9. Urdal: In talks with FDA we have covered completely what must be in the aBLA regarding everything in the Complete Response Letter of 2007. Urdal described this meeting in May as having been very important, saying they went through each item in the CRL item by item and line by line to assure that all Dendreon efforts will fulfill in every respect the FDA expectations. (Since I now am guessing the CRL specified a Data Control Lab and a Quality Control Lab must be built, then that explains the N.J. Contractor's handsome bonus incentives for an early December completion date. It seems obvious that we cannot complete the aBLA application and start the clock running on an Approval date until the Henderson Company has earned their bonuses—or not (as the case may be).

 

10. Mitch: RestOfWorld negotiations are active. We still plan to retain entire U.S. market.

 

11. Urdal: Most of the ramp-up money is going right now for the N.J. Construction plus a $20,000 deposit on the $39,000 order from Diosynth for Anitgen inventory essential to production in all the plants (as they come on line—or expand capacity as will occur in New Jersey.)

 

12. Mitch: Analyst Day will be on September 24th in New York. Most questions on commercialization ramp-up for production and marketing are being deferred until the September meeting. Urdal stated: "In this regard, Sales Professionals are eager to join the company." Mitch: The conference will cover (1) Commercialization of Provenge, (2) plans for "the Platform" (Neuvenge, trp-p8 etc.) (3) A brief overview of the Clinical Data.

 

casey

Note on the Editing changes and Additions (mostly the latter): I was unable to re-listen before posting since the recording did not begin on time and was almost two hours late in coming on line. Now that it's up, I have below, a direct quote from Greg Schiffman in response to a Question from the Deutsch Bank representative, Robin Carnasis (sp). This quote led to a rewrite of number 8 above. Further I am adding a personal comment on the new quote at the end.

 

 

My take on this passage is that Greg is not precluding any financing action, but he is making it clear that with 200 million in the bank at the end of the year, we are self-sufficient for some time to come.
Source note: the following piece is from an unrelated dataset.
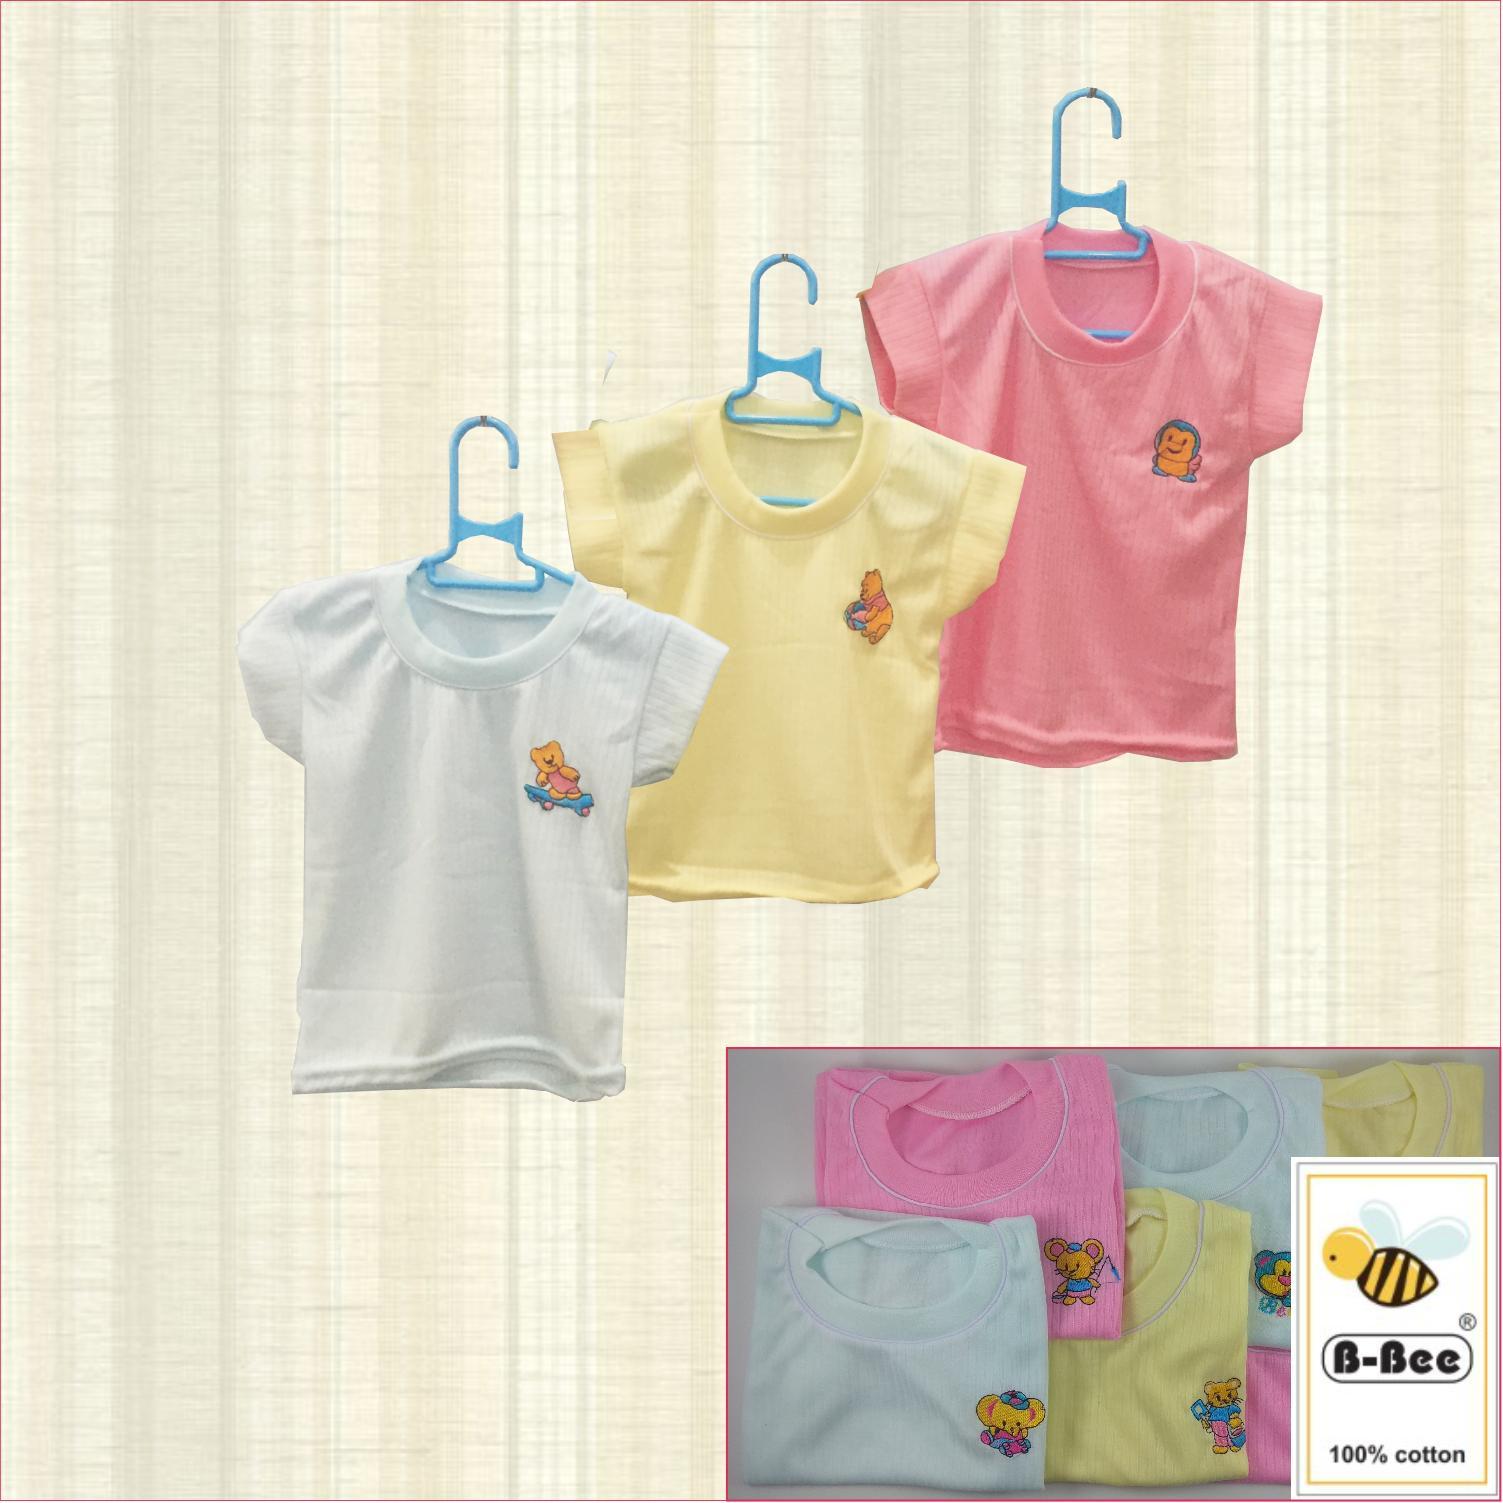 Luvita Baju Bayi Lengan Celana Panjang Polos M L 1 Set Daftar Oblong Iol Anak Pendek B Bee
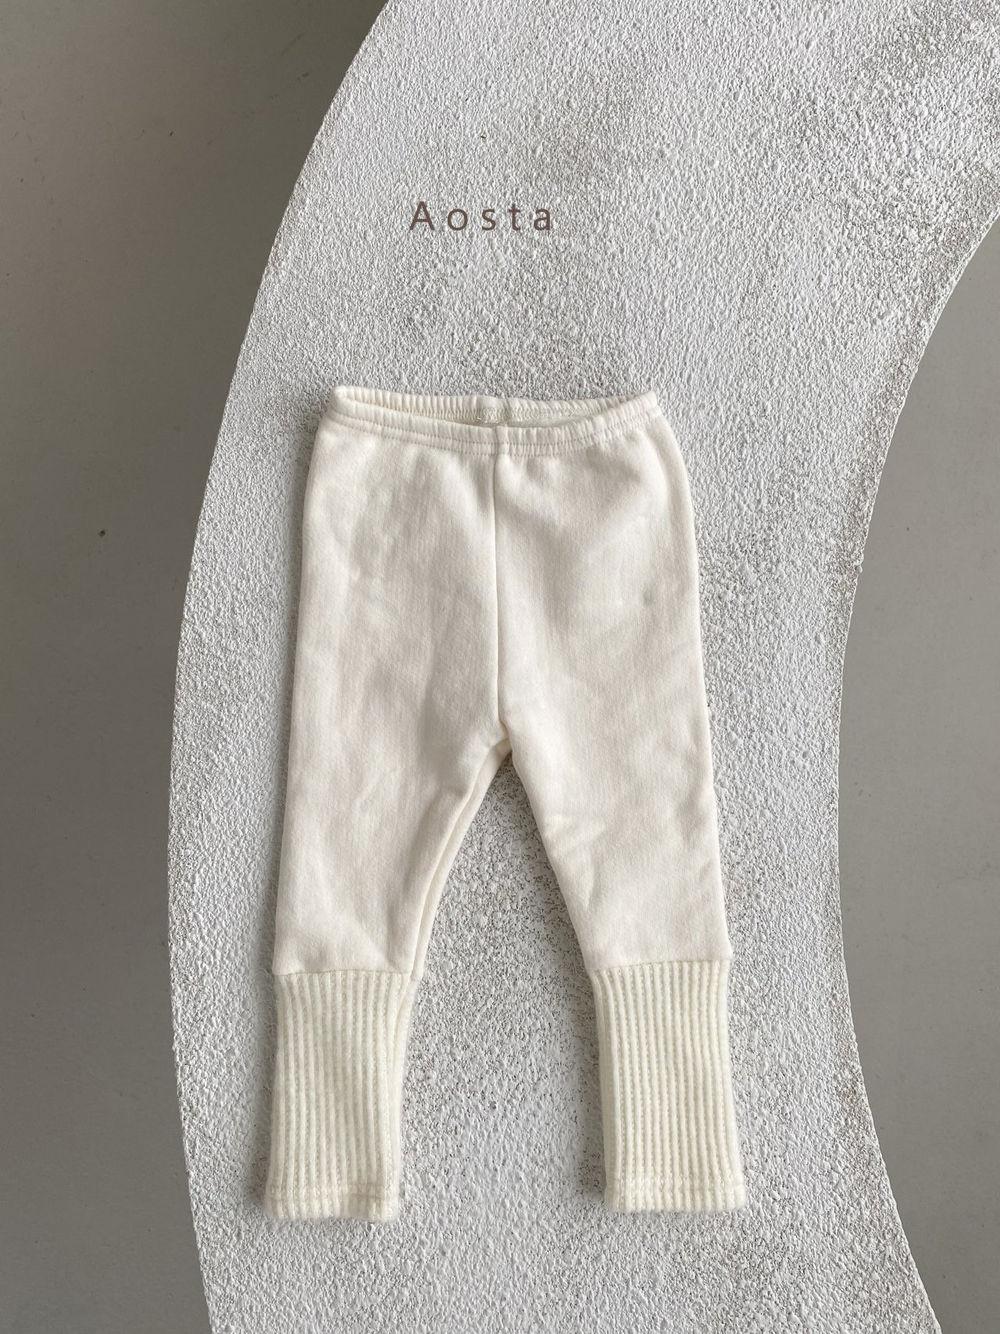 AOSTA - Korean Children Fashion - #Kfashion4kids - Warmer Leggings - 4

Further, this, to me is saying to hedge funds, that if they need more shares from the company, then those will not come cheap—especially since we have options to secure cash without going back to the equity market well.

 

Among possible other sources of money there are as many as your imagination can provide. Number one on the imagination list, however, would be a Rest of World Partnership Agreement. Surely this is what he had in mind. But there are other private sources of capital to which he could be alluding as well. The character of Dendreon changes dramatically with an FDA Approval. If you think on it for a moment, you can see that, as a going concern, the company will haver cash flow (and profits without taxation for some time to come due to its large losses over the past 15 or so developmental years). We will have borrowing capabilities with commercial banks as well, and we will have Patent Licensing royalties that will likely increase exponentially. Without necessarily thinking to do so, he is telling the shorts that their next Dendreon shares may have to come from a stock squeeze. If nothing else, the Hedgies will have to make nice when next they come calling!